William O’Donohue, a professor of psychology at the University of Nevada at Reno, is an expert on sexual harassment. When asked what steps might be useful in a two-week program, he identifies many of the same techniques SRI uses: teaching victim empathy; debunking irrational thoughts like “I’m entitled to this kind of thing”; analyzing the events that lead up to an offense; and encouraging positive addictions — like exercising or charity work — to take the place of negatives ones. But, he says, there is no research proving that such programs have any effect for people accused of inappropriate workplace behavior (partly because it’s hard to find sexual harassers willing to volunteer for a controlled experiment).

Both O’Donohue and Weiss say that recovery from a sexual-behavior problem, however severe, requires years of therapy. “Males and their sexual impulses are hard to control, especially for someone who has multiple offenses,” O’Donohue says. “The more victims one has, the higher the probability of relapse.” The best possible change is teaching men or women to avoid tempting situations, he says.

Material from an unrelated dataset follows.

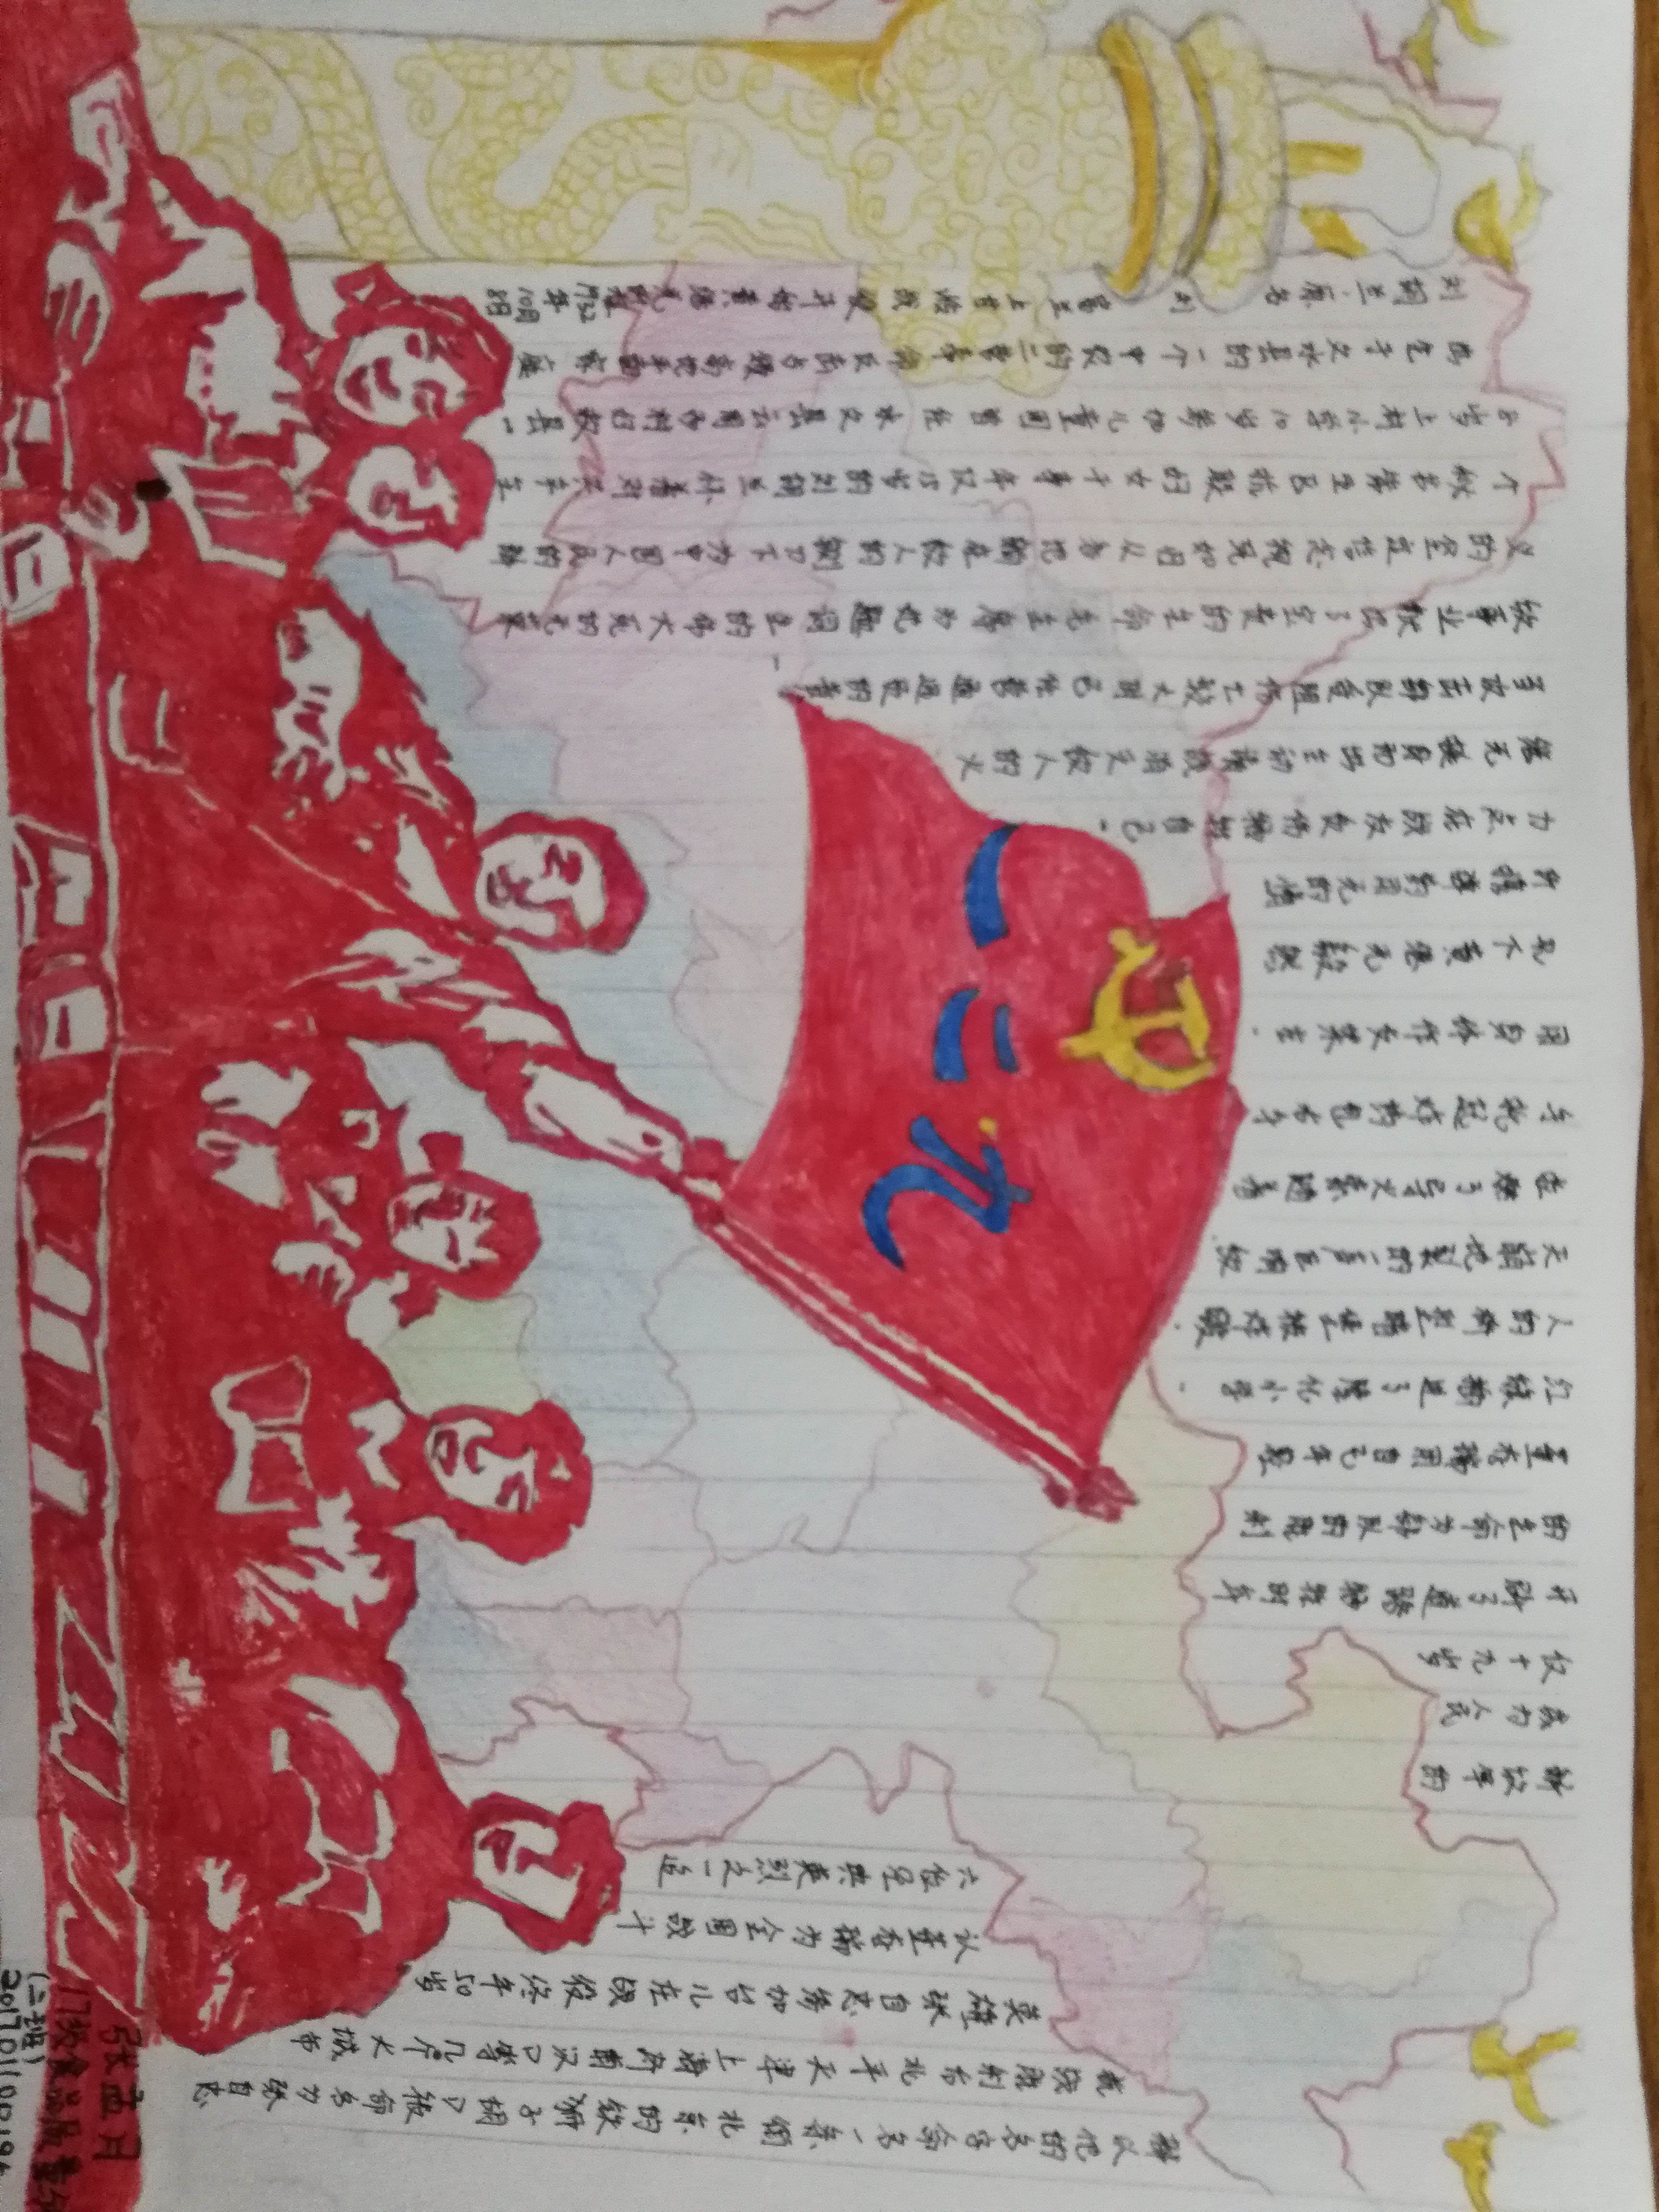 "重温红色经典,传承革命圣火"手抄报制作活动

The objects of their desire are unlikely to change, and studies of some serious sexual offenders have suggested relapse rates are as high as 40%. In his statement, Filner said that his two-week program would be followed by “ongoing, regular counseling.”

Even if Filner does manage to reform his ways, it remains to be seen whether the people of San Diego will support him after he returns to full-time work on Aug. 19. Should Filner continue to plant his feet in office, acceptance is certainly the easier route: the only two ways to oust an unwilling mayor in California, whatever his baggage, are a recall election or a felony conviction.